*** Opening of Given information ***

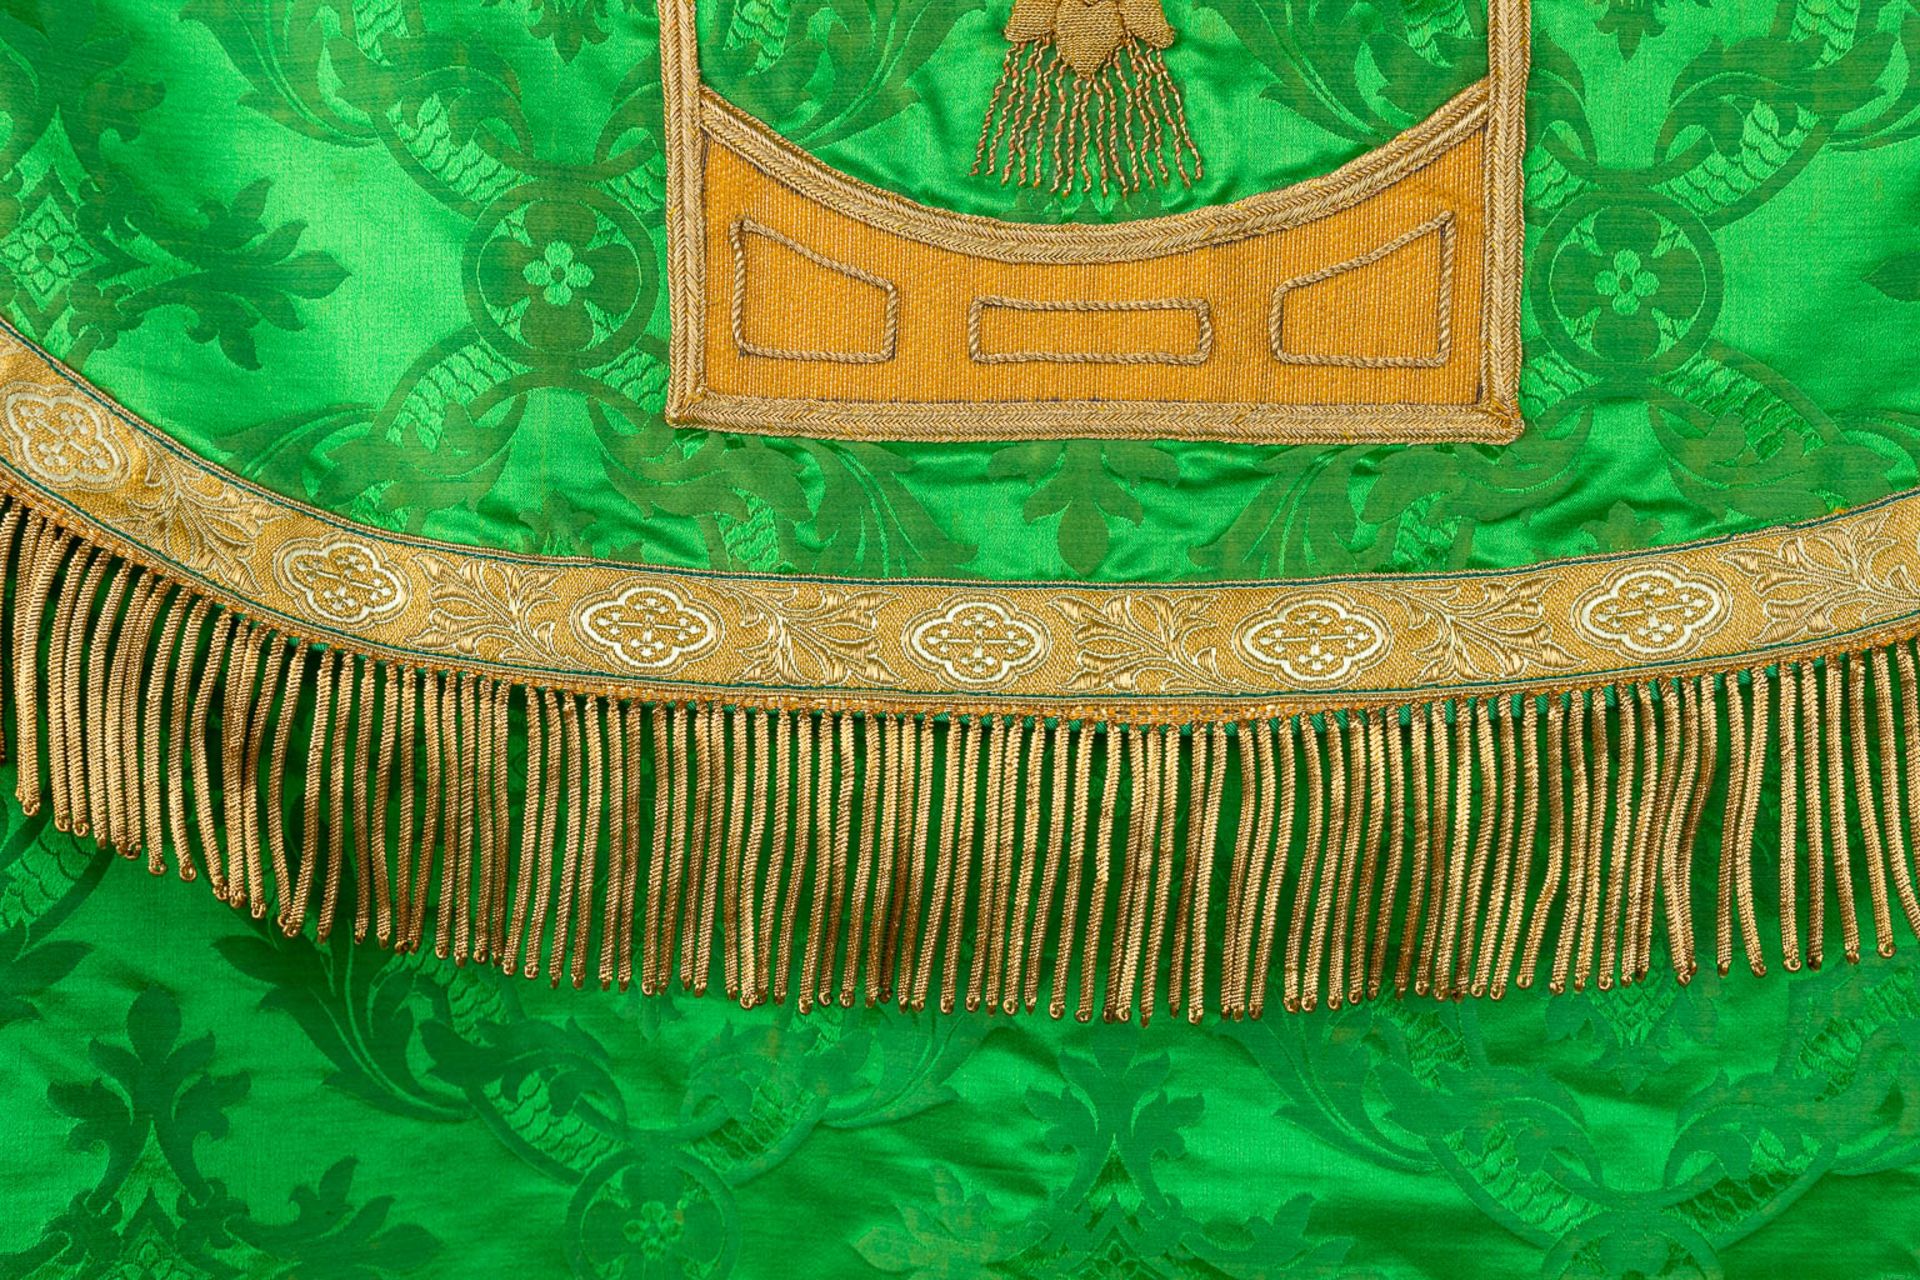 A Cope and Humeral Veil, finished with thick gold thread and green fabric and the IHS logo. - Image 5 of 14
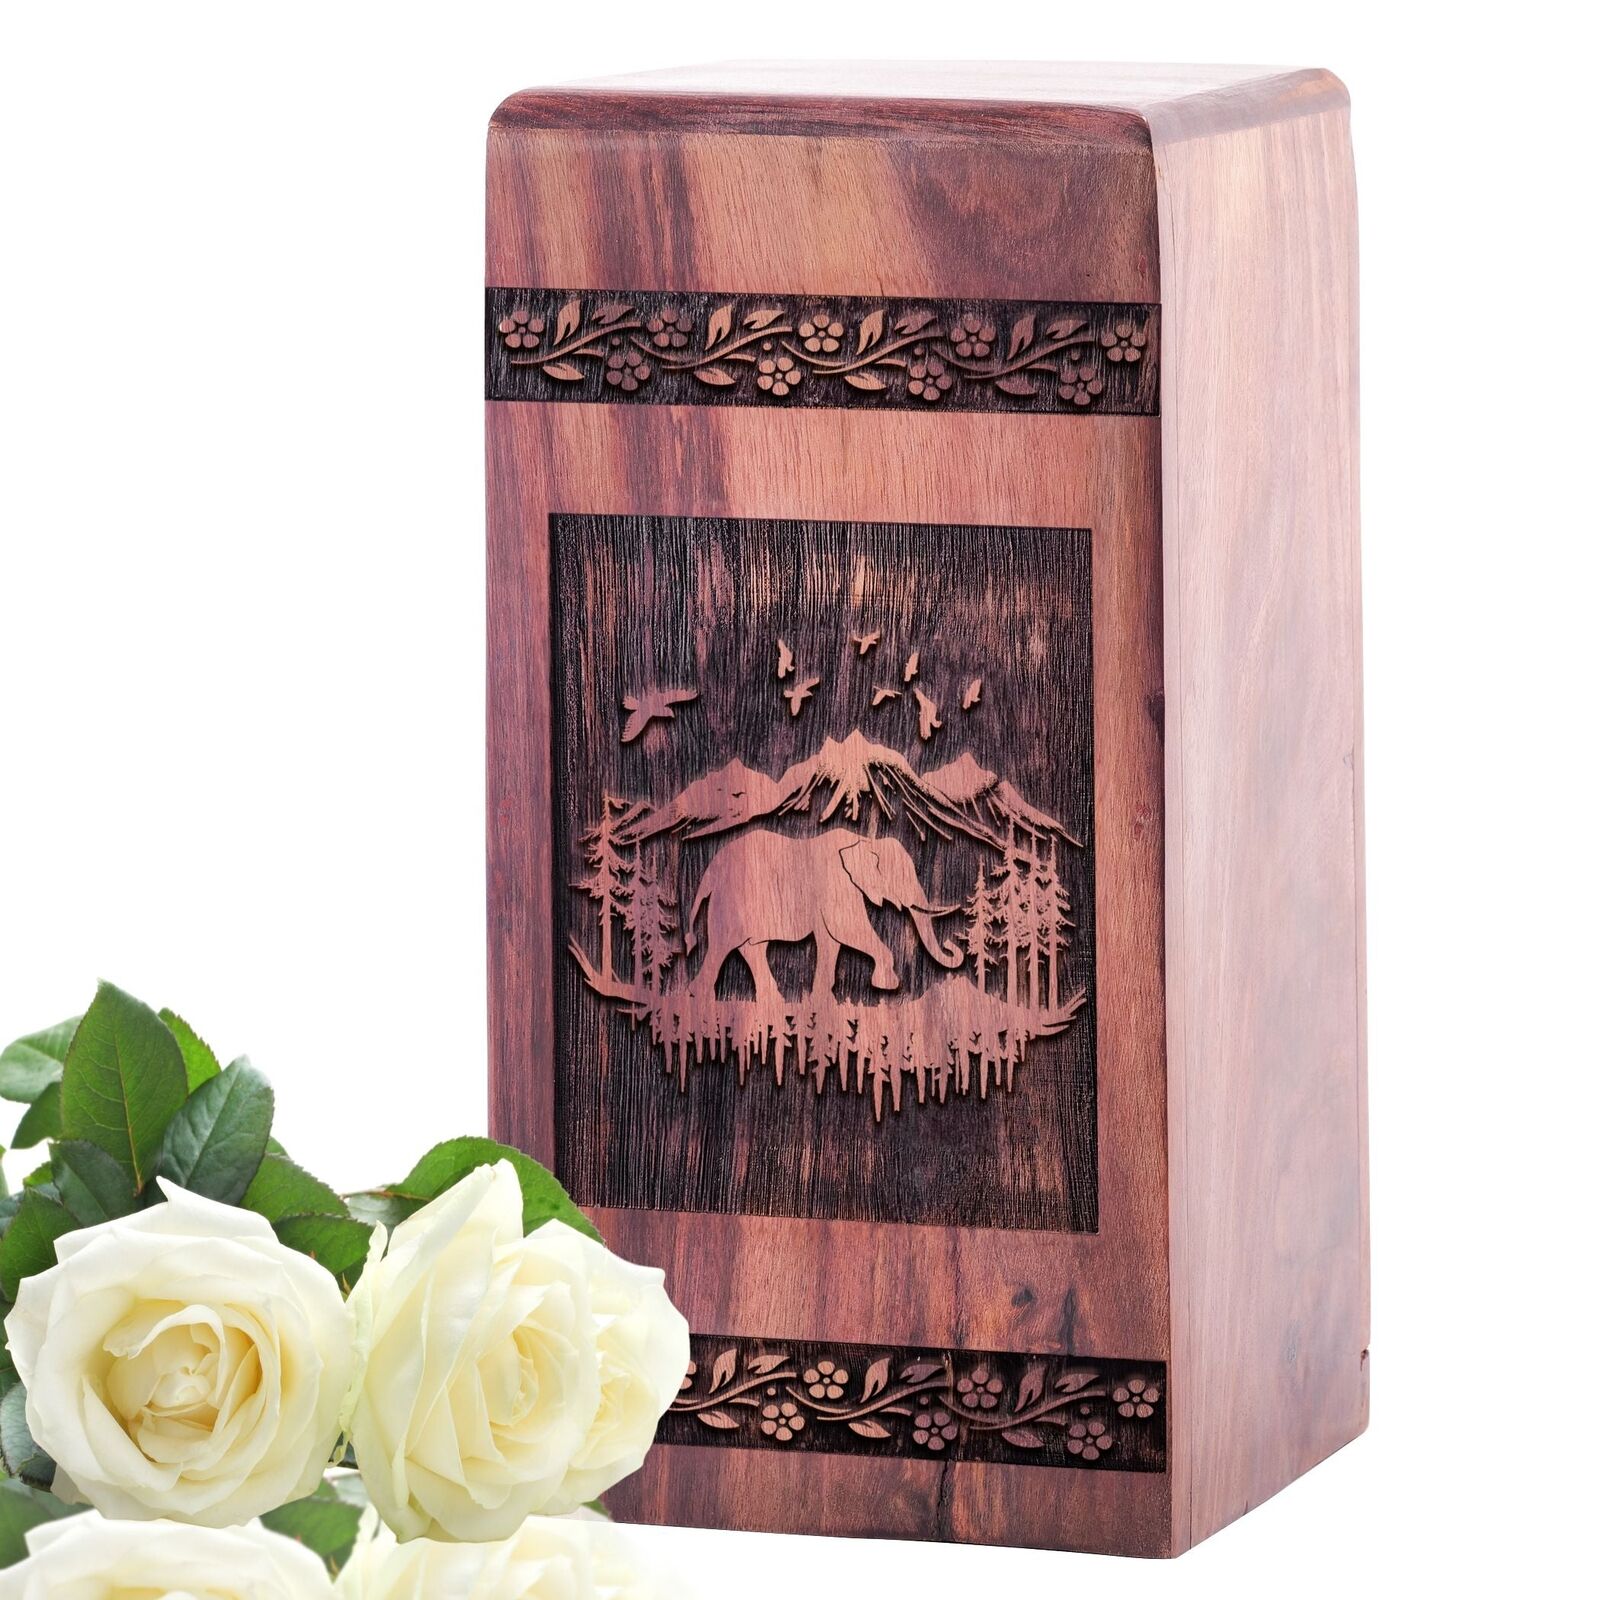 Elephant Design Wood Funeral Burial Urns for Adult Human Ashes
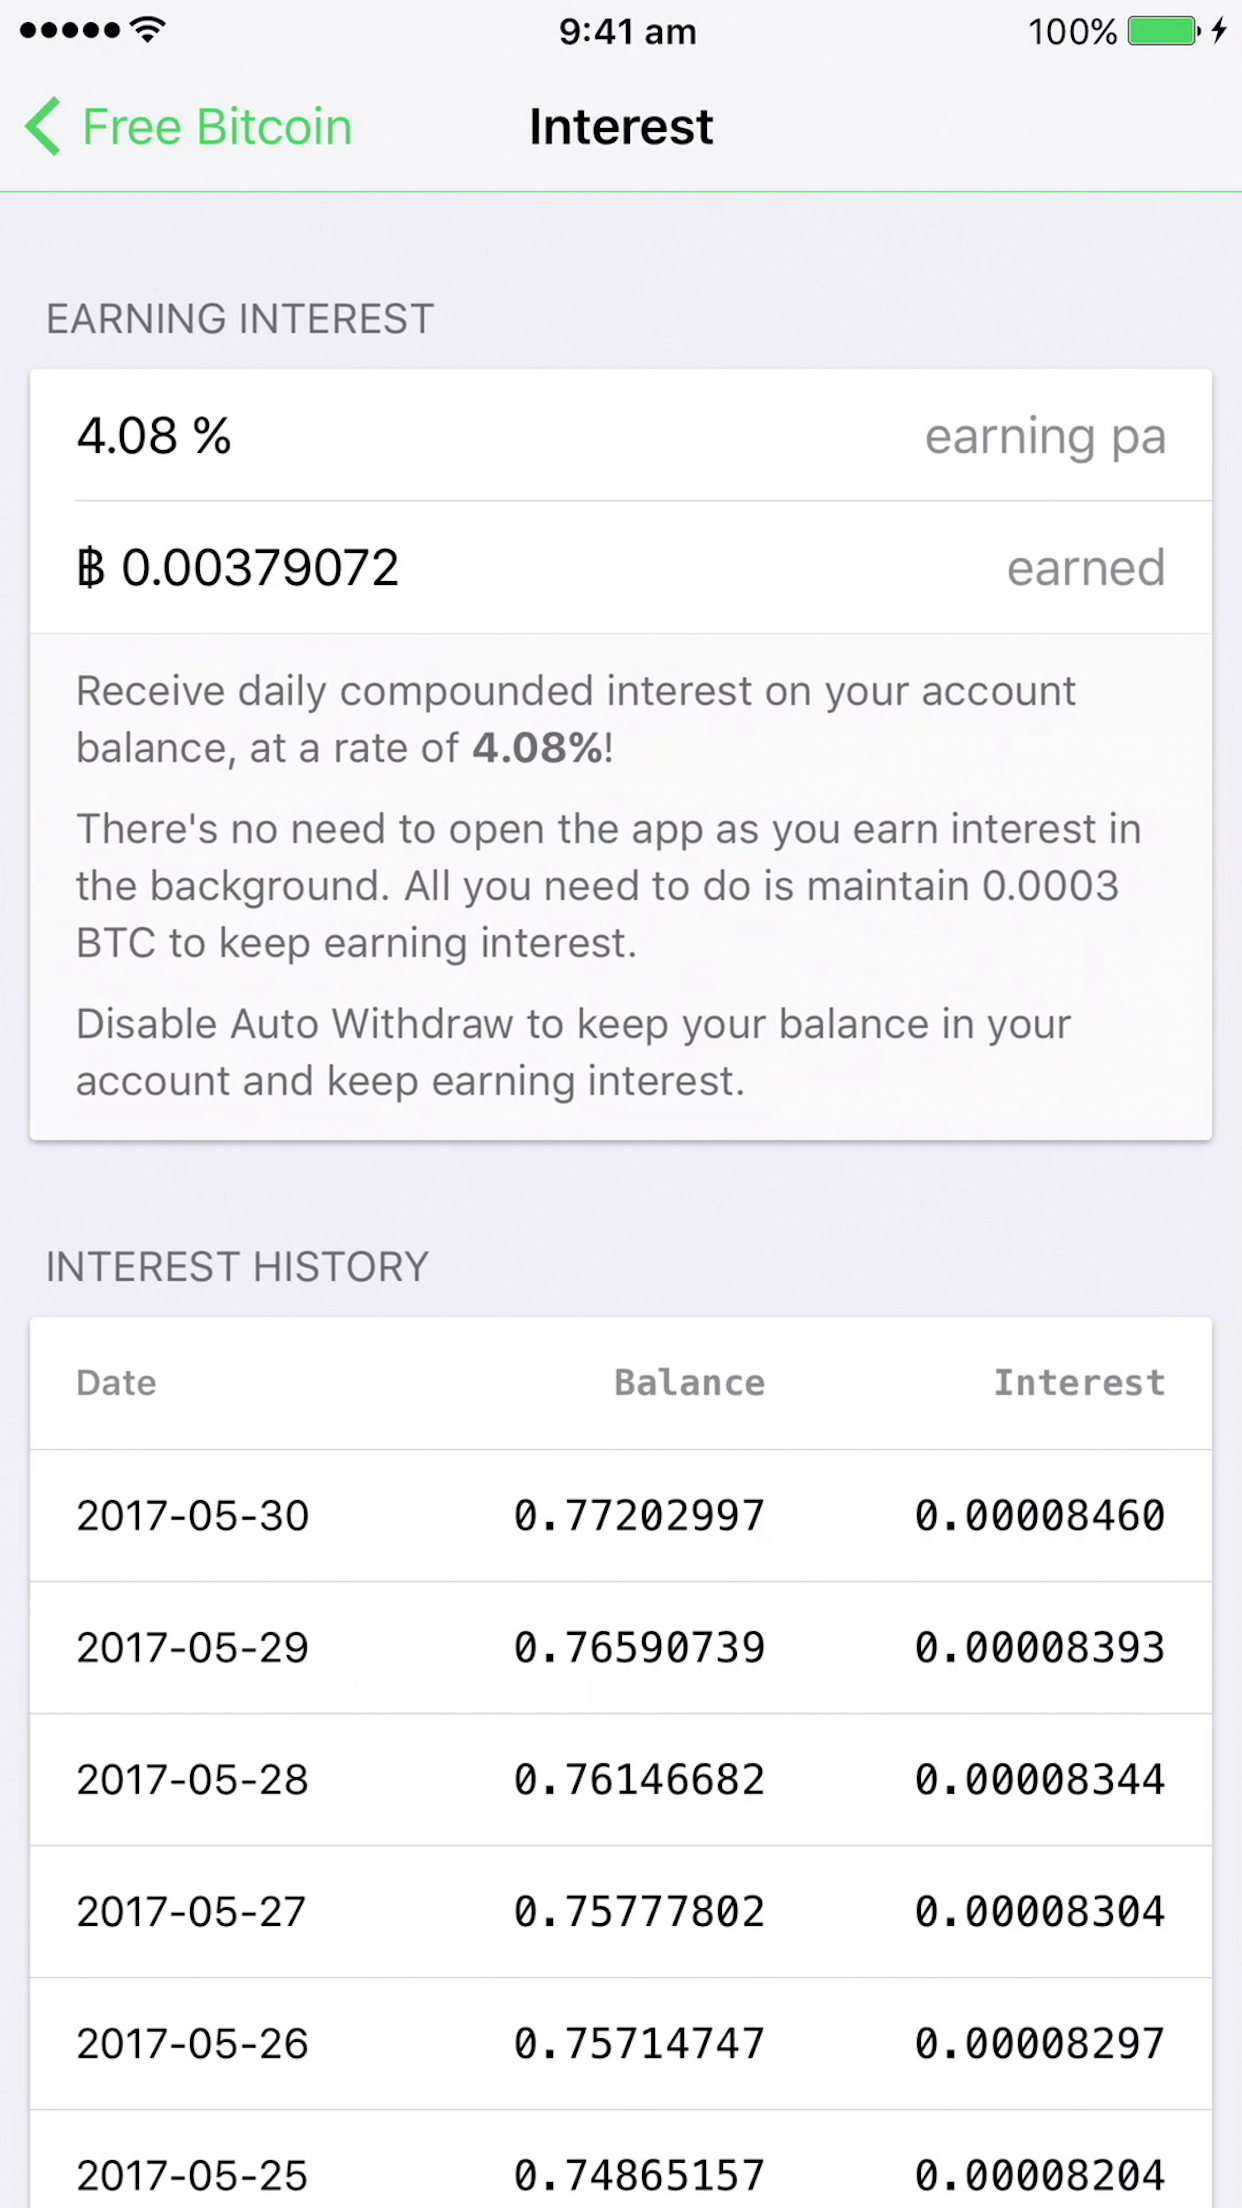 Earn interest on your Bitcoin stored in the app, at 4.08%!

*** Close of Given information ***

Print the material verbatim; drop the pictures.

Response:
 A Cope and Humeral Veil, finished with thick gold thread and green fabric and the IHS logo. - Image 5 of 14
 Elephant Design Wood Funeral Burial Urns for Adult Human Ashes
 Earn interest on your Bitcoin stored in the app, at 4.08%!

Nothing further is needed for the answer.